But in our haste to retire symbolic tributes to the Lost Cause are we running the risk of silencing the Civil War?  It would be a travesty if such was the case.  The Civil War is the American Iliad, as essential as the Revolution to an understanding of how the country became itself.  It was when the United States experienced a new birth of freedom, when the frontiers of citizenship were expanded, and the country finally made up its mind that it was a unum rather than a pluribus.

Moreover, as David Blight has reminded us, before the subject of slavery and emancipation got sacrificed on the altar of sectional reconciliation in the waning years of the nineteenth century, the Civil War was chiefly remembered as an emancipationist narrative, not a paean to the Lost Cause.  So, we should be leaning into this memory rather than shying from it—now more than ever.[2]

It is not the place of historians to dictate who deserves memorialization in the public square.  That’s a decision best left to the democratic process where communities and elected officials make such determinations.  All we can do is suggest deserving candidates.  They are not hard to locate, not even in the old Confederacy.

But, for my money, André Cailloux, a Black captain of infantry in the U. S. Army, belongs at the head of the class.  He was killed on May 27, 1863, leading a foredoomed assault against impregnable Confederate works at Port Hudson, Louisiana, just upriver from Baton Rouge.

There was a time when Cailloux was nationally hailed and locally canonized.   His New Orleans funeral had the feel of a massive civil rights protest, perhaps the largest the country had ever seen to that point in time, according to his biographer Stephen J. Ochs.  For more than a mile, on a sweltering day in late July 1863, Black New Orleanians thronged Esplanade Avenue under a cloudless sky to witness the funeral cortege carrying Cailloux’s remains to the Bienville Street cemetery.  Over thirty Black mutual aid societies joined the procession.[3]

Outdoor funeral procession
“Funeral of the Late Captain Cailloux, First Louisiana Volunteers (Colored),” Harper’s Weekly, August 29, 1863, 549.

In the words of Ochs, it was a heartfelt tribute to the “first black warrior-hero in the Civil War.”  Cailloux could lay claim to other important firsts:  in September 1862, his commission as one of the first Black officers in the history of the United States Army.

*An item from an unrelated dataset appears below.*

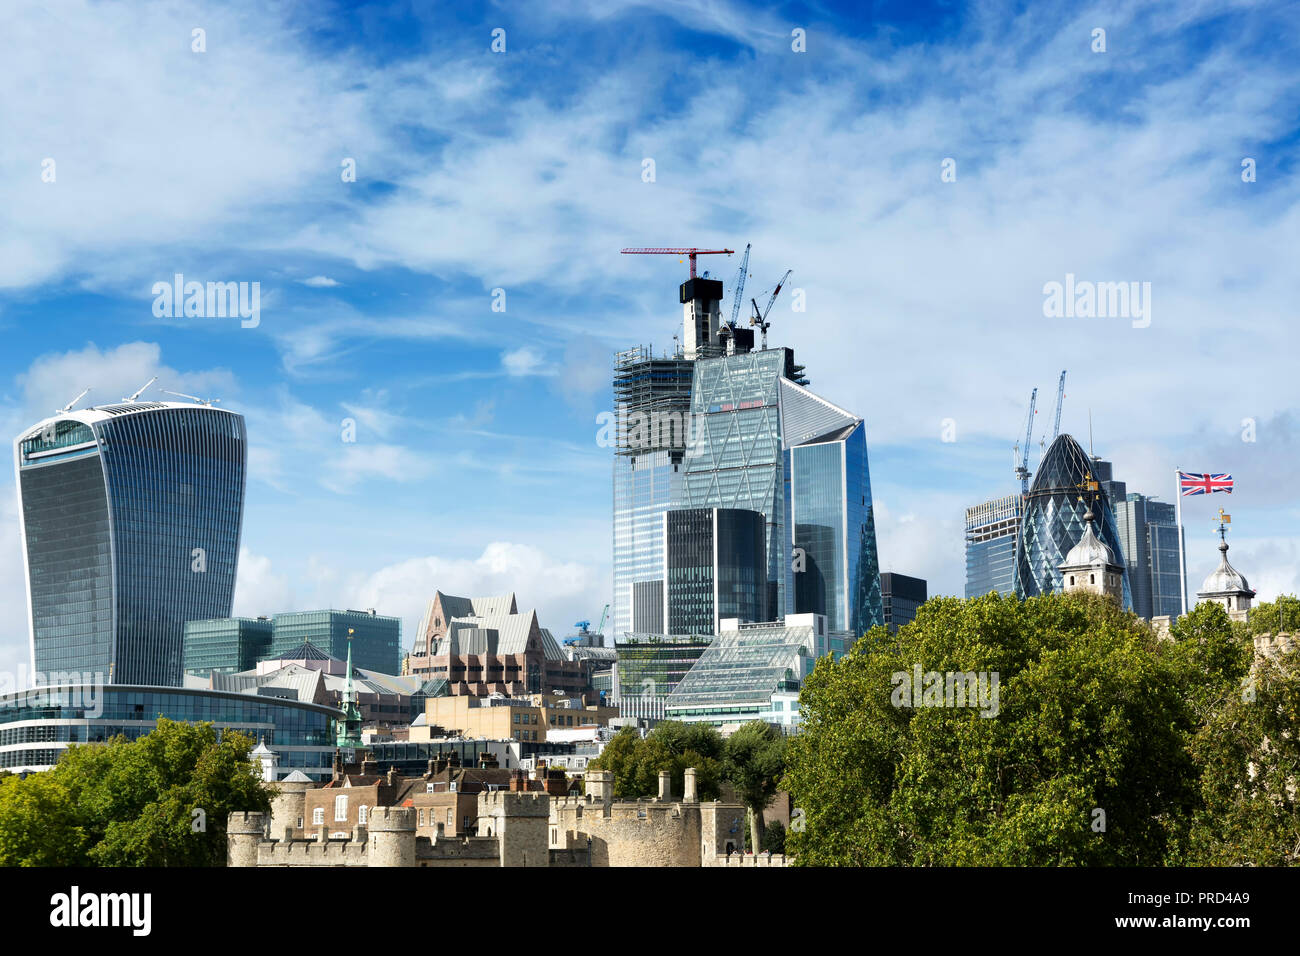 Détail de la ville de Londres avec des immeubles modernes en 19. Septembre 2018. (Royaume-uni ) Banque D'Images

But it was his outsize role in the first significant battle in which Black soldiers went on the offensive that truly sets him apart.   It is what makes him not just a Black hero, but an American hero, indeed, a saved-the-country hero and thus worthy of the highest honor accorded members of the armed forces, then and now.

In a year filled with momentous tipping points—a federal victory at Gettysburg; the capture of Vicksburg and Port Hudson and the opening of the Mississippi to Union control—Cailloux’s valor, and that of the Black troops he led in battle, electrified northern opinion and gave federal race policy a strong jolt.

Before Port Hudson, Black soldiers were recruited grudgingly and routinely sidelined digging trenches and latrines.  It was said that they weren’t manly, that they would cut and run when the fighting got hot. It was a lie. On numerous occasions they repelled Confederate surprise attacks. But that was while fighting for their lives on defense, so the libel lived on.  What happened that May morning on one of the Mississippi’s signature hairpin turns vanquished the slander. The mobilization of Black soldiers shifted into a different gear.  They weren’t universally sidelined guarding railroad spurs any longer. Growing numbers saw front line combat.[4]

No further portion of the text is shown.